Houston native Ryan Hildebrand graduated from the Culinary Institute of America and apprenticed with Chez Nous in Humble. Hildebrand is now Executive Chef at both Bistro Provence (13616 Memorial Drive) and Bistro Don Camillo (6510 Del Monte), which feature cooking inspired by the Nicoise region, the borderland between France and Italy.
What is an executive chef? That's a good question. Someone who can manage the kitchen day to day and still keep a handle on the cooking and is not afraid to get his hands dirty. I won't ask anyone to do anything I won't do. I will take the garbage out. I haven't graduated out of peeling potatoes. I think that attitude helps maintain the solidity of the crew.
How do you get Houstonians to eat andouillettes (tripe sausages)? You put a twist on it to make people more comfortable, including something they recognize in the dish, like an herb or sauce. Our sweetbreads are served with elements people recognize. I prepared frog's legs on Cleverley's Cooking Corner to show that they aren't grimy, slimy things.
Do you like cooking on camera? I get tense. You have such a short period of time to prepare the dish. It's not as easy as it looks. I prefer to be behind the scenes.
What are your thoughts on live music in the dining room? It adds new life to the restaurant. If we change the menu seasonally, I think we should change other elements like visuals and sound to engage all the senses--it adds to the experience. I wouldn't get a band every night, but we do have classical guitar and violin on Thursdays.
Weren't there complaints about your escargots wrapped in prosciutto? That was the first thing I thought about changing on the menu, but Robb Walsh loved them. And the consensus was that most of the guests enjoyed the dish. But it's not what people expect. If people like something, I don't have an ego problem; I don't need to change it. Most of the time, complaints happen when patrons get something they don't expect. I take complaints seriously, but not home.
Are you glad you attended CIA in Hyde Park?

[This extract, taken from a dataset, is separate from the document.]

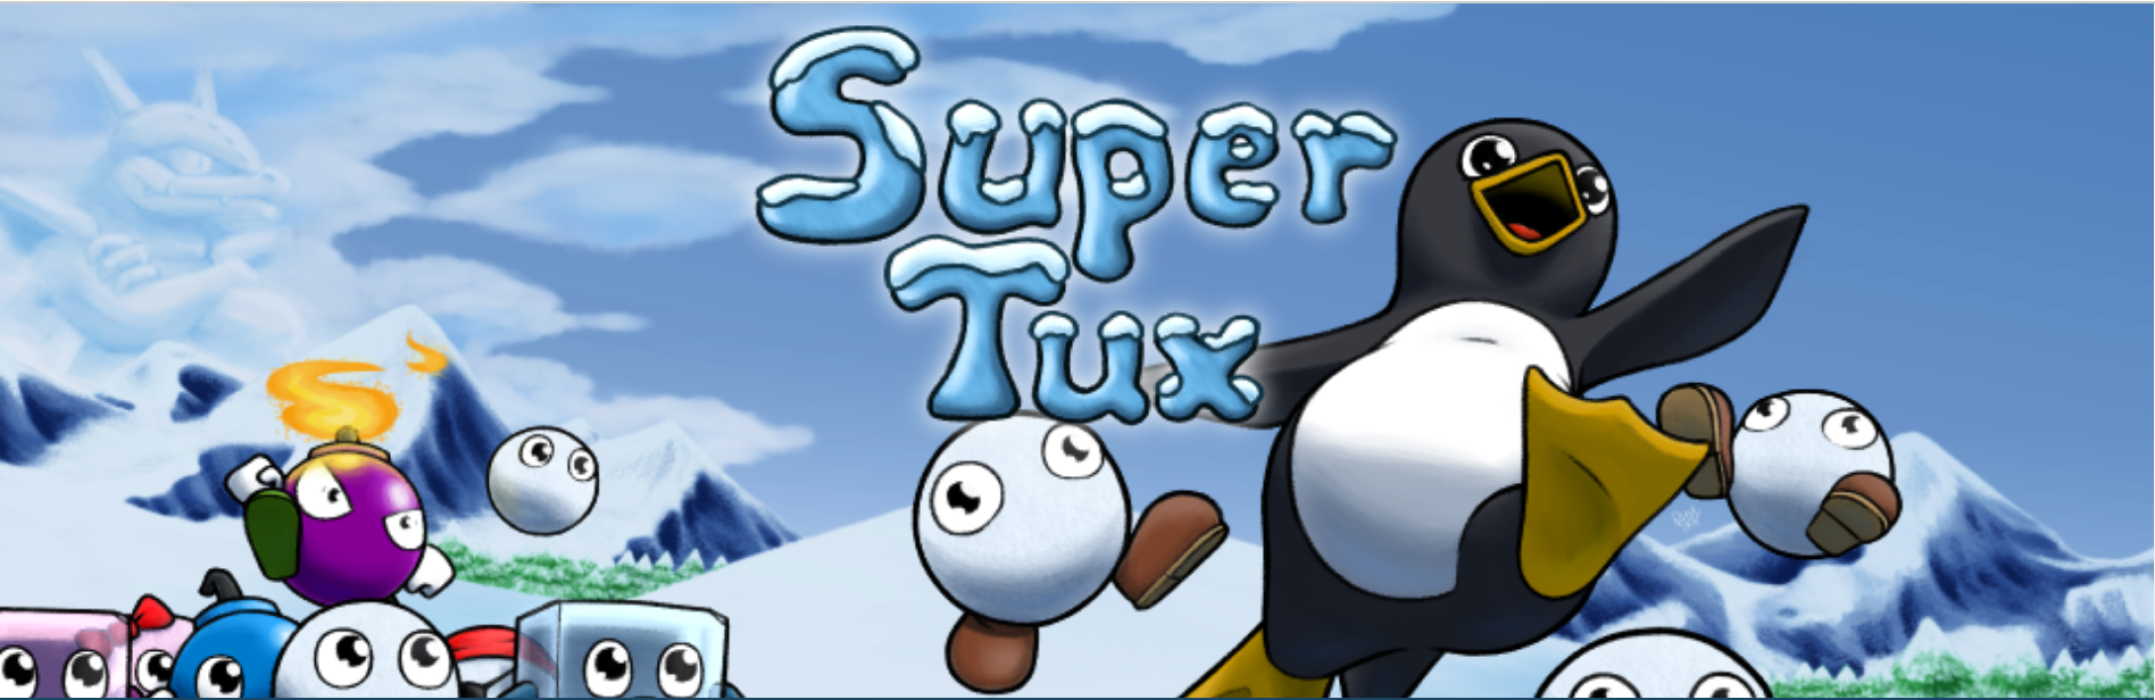 SuperTux 0.6.3 é lançado depois de um ano e meio em desenvolvimento

That's tough because I credit work experience more. CIA gave me a chance to grow as a cook. All the different chefs expose you to different styles. The training gave me the ability to adapt quickly to a number of different kitchens so I could go anywhere and work with the resident chef. Two years there cost as much as my degree from Baylor. But I met people from all over the world and gained a broad spectrum of knowledge. If I had to do it over again, I might take the money and travel the world learning about food, but the school did open doors into the profession.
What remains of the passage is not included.